State control and vibrational spectroscopy of a single molecular ion

In recent years, quantum-logic spectroscopy of single molecular ions (QLS-SMI) emerged as a novel platform for high-resolution spectroscopy, offering advantages including precise initial state preparation [1], minimal line broadening from collisional or motional effects, and long interrogation times [1,2,3]. The efficient control of the quantum state of a single molecule, however, remains difficult due to environmental perturbations, notably from thermal radiation (TR) emitted by surrounding surfaces. To mitigate this effect, we developed a QLS-based protocol to track and control the evolution of molecular state.
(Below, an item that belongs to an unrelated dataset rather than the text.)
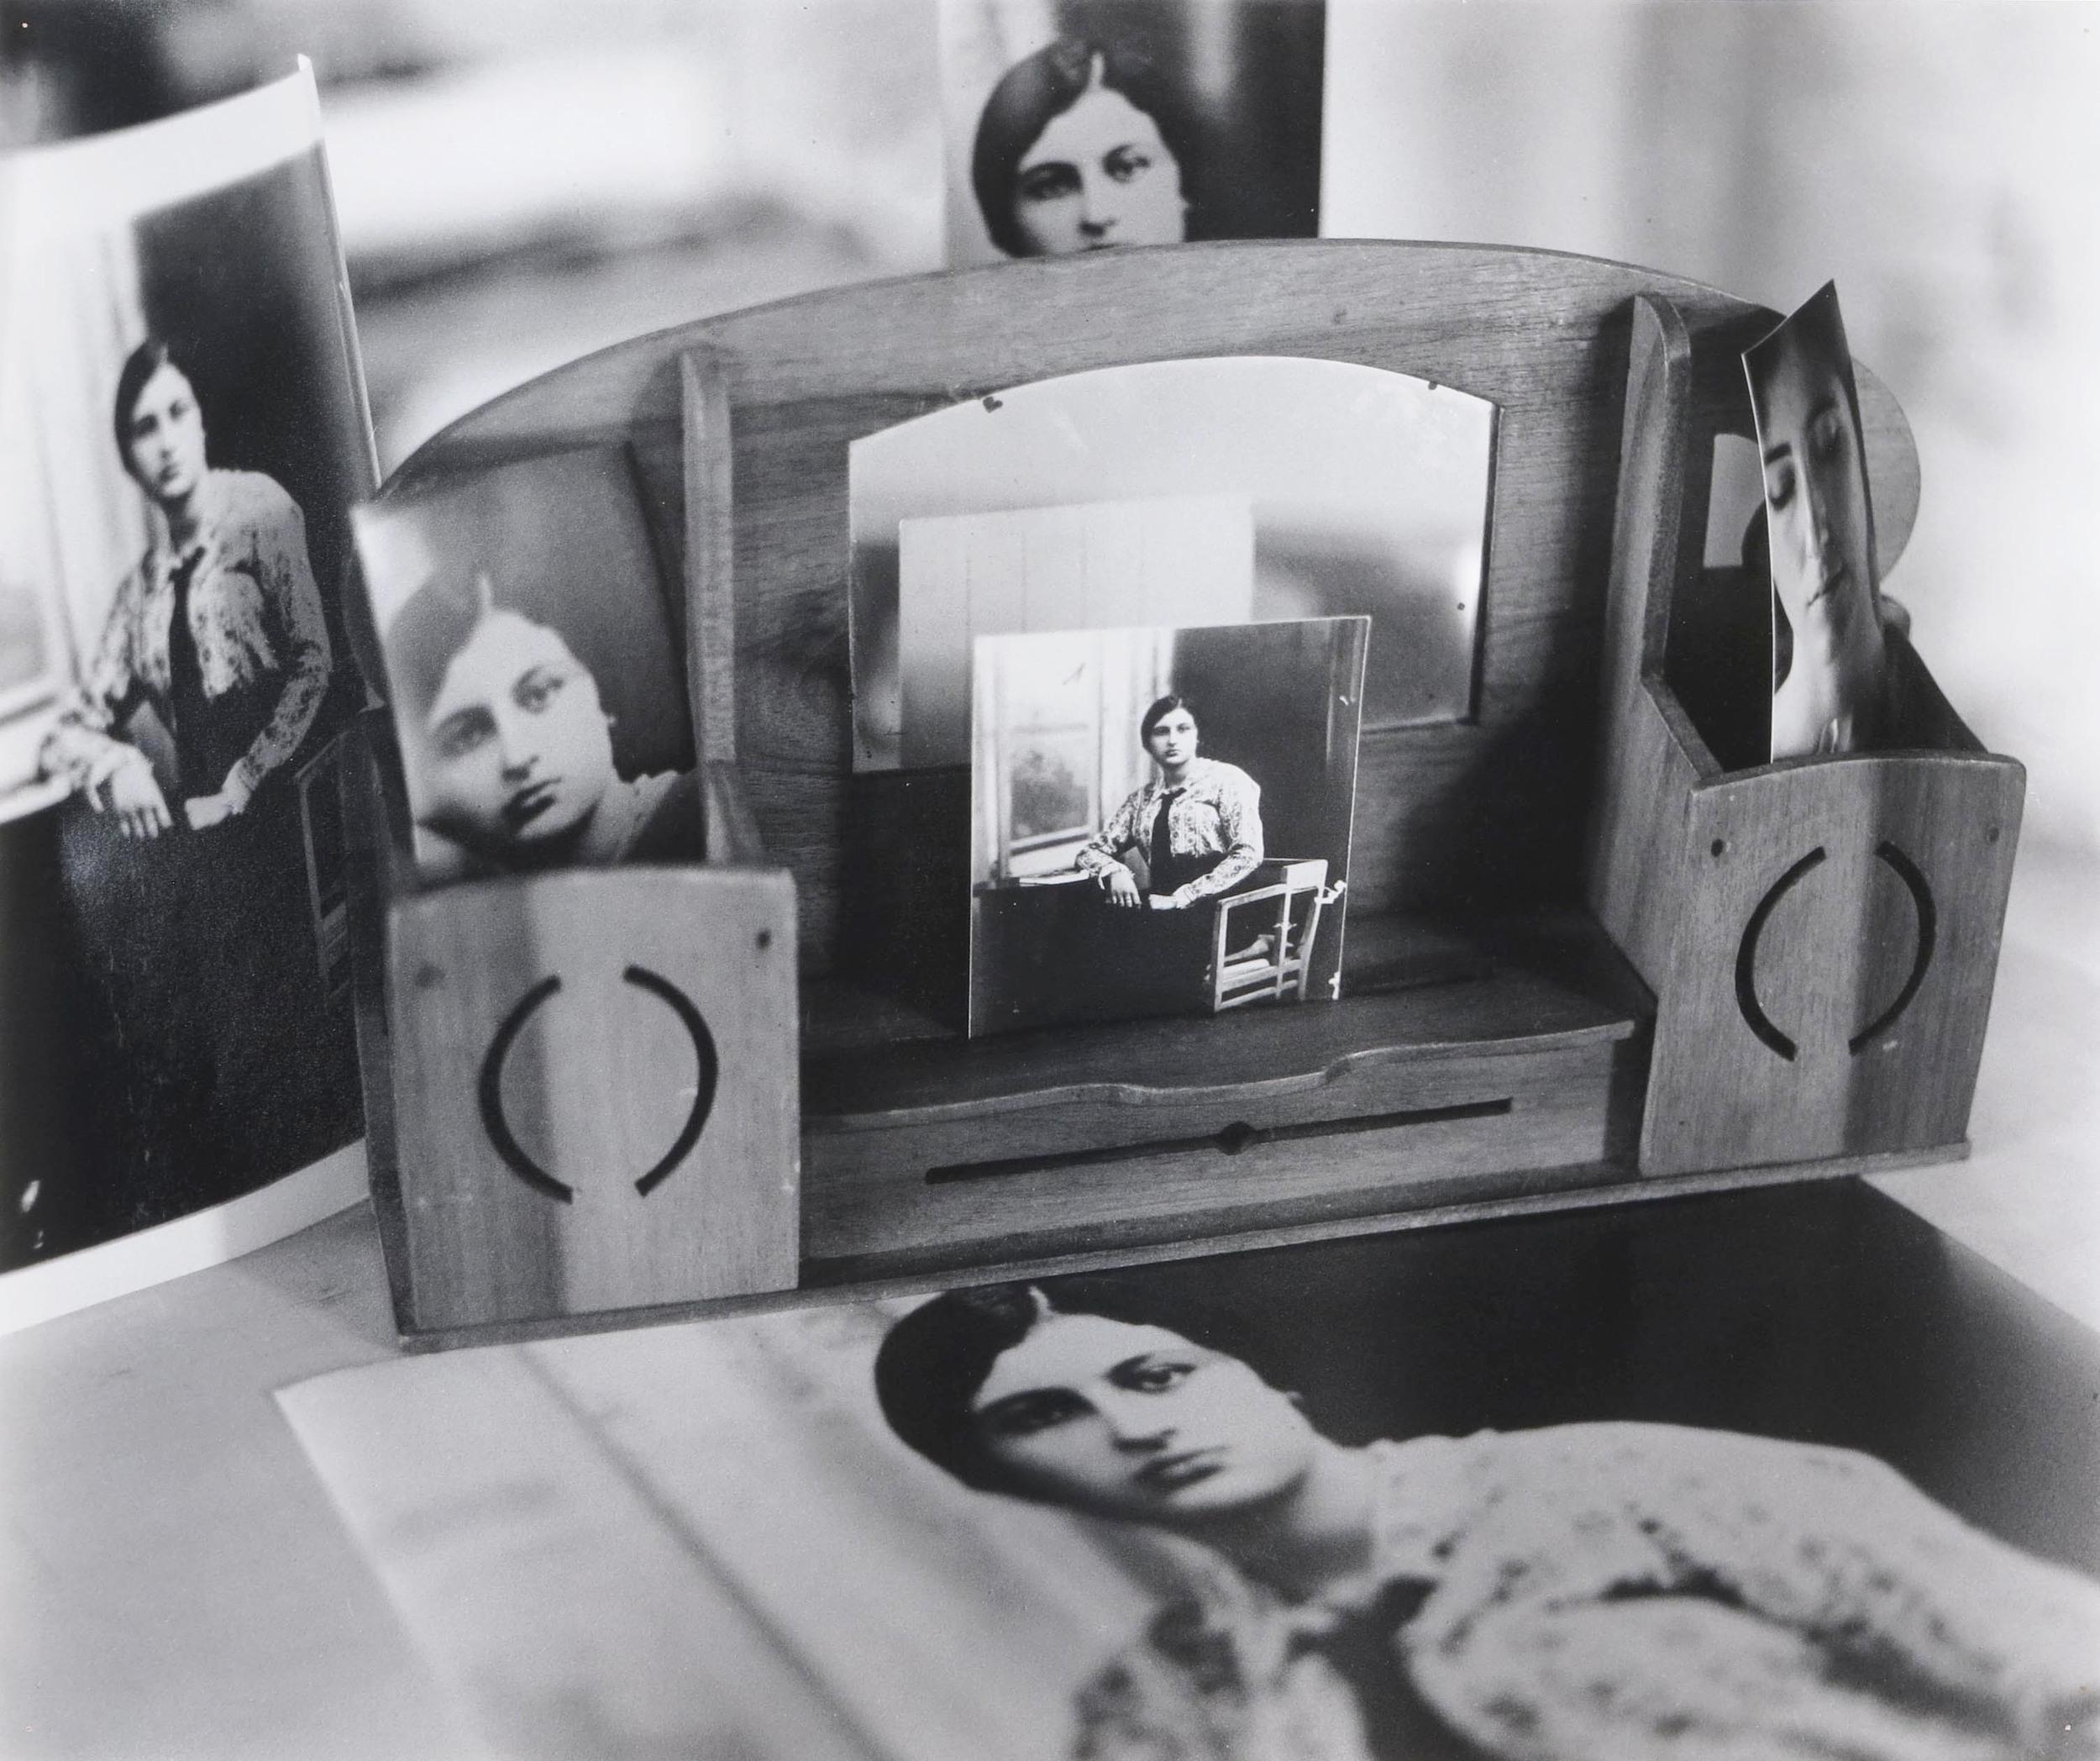 Shrine for a Saint, 1920  2014  gelatin silver print  20 x 24 inches

By monitoring and reversing TR-induced quantum jumps from a rotational state with quantum number J = 1 to those with J = 0 and 2, we can confine the population in J = 1 to, on average, ~20 times its natural lifetime of 1.7 s, resulting in an improvement of our experimental duty cycle from 7% to 64%. Leveraging this improvement in state control, we performed vibrational overtone spectroscopy on CaH+ at the 10^-13 fractional uncertainty level. Using a single frequency comb source, we locate and probe two rotational lines within the v = 0 -> 5 vibrational series. We discuss the generalizability of these state control and spectroscopy techniques to other molecular species which are of astrophysical interest or suitable for various precision measurement tasks.

[1] Chou et al., Nature 545, 203 (2017) [2] Chou et al., Science 367, 6485 (2020) [3] Collopy et al., PRL 130, 223201 (2023)